There were no surprises, Warren setting the tone for favorable discourse among Democrats on stage Tuesday night, coupled with the effectiveness of the CNN moderators, the nearly two hour and 45 min debate going smoothly with no real fire works in reach, Detroit an 83 percent Black and impoverished city of some 673,000 people and Michigan a swing state like neighboring Ohio, and Pennsylvania, the president in trouble in all three states, states he carried in 2016.
He is the first Republican president to win Michigan since George H.W. Bush.
Also center stage was reparations, and Black people, several of the candidates, all of them White, favoring reparations and giving soapbox speeches in response to questions by CNN moderator Don Lemon about the country's racial divide and the president's disdain for Blacks who disagree with him.
Sanders called the president a pathological liar and outright "racist," and Warren said Blacks are still disenfranchised, comments that follow Black apathy in voting, some four million Obama voters staying home when Democratic nominee Hillary Clinton lost her second bid for president to Trump in 2016, the former bid a loss by the former New York senator to Obama in the 2008 Democratic primary.
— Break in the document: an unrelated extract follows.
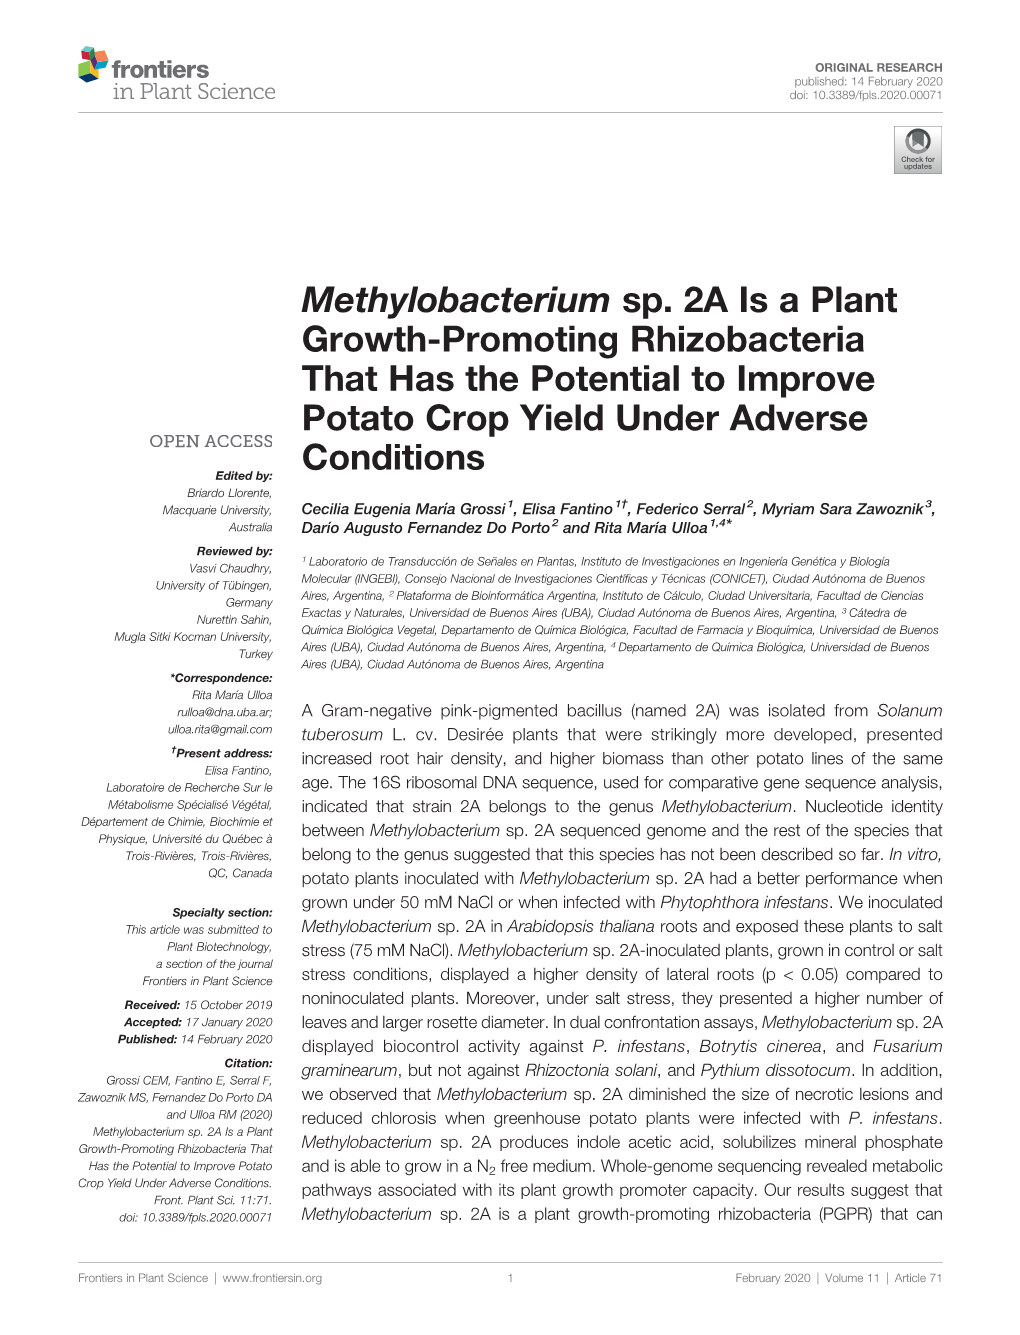 Methylobacterium Sp. 2A Is a Plant Growth-Promoting Rhizobacteria That Has the Potential to Improve Potato Crop Yield Under Adverse

Former congressman Beto O'Rourke of Texas may have tackled the race issue the best on Tuesday, O'Rourke highlighting slavery during the 17th and 18th centuries that saw millions of Blacks uprooted, chained and transported to America, the reminisce of the vestiges of racial discrimination, a by-product of racism and segregation that still plagues the Black community to this day.
Warren and O'Rourke said they support the reparations bill pending in congress that would establish a commission to study reparations proposals for Blacks and to examine slavery and discrimination.
"I support reparations," said O'Rourke.
The other public policy issues debated on Tuesday, an array of them, ranged from increasing minimum wage to climate change, health care, education, foreign policy, immigration reform, gun control and the economy, Warren and Sanders holding up under scrutiny from the underdog candidates like former Maryland congressman John Delaney and defending their plans for medicare for all as reasonable and affordable, and workable in spite of the lack of a public option.
"It works in Canada," said Sanders of his proposal to revolutionize the nation's health care system with medicare-for-all via his signature universal health care legislation, and at no expense to the nation's poor and middle class, and others, he said.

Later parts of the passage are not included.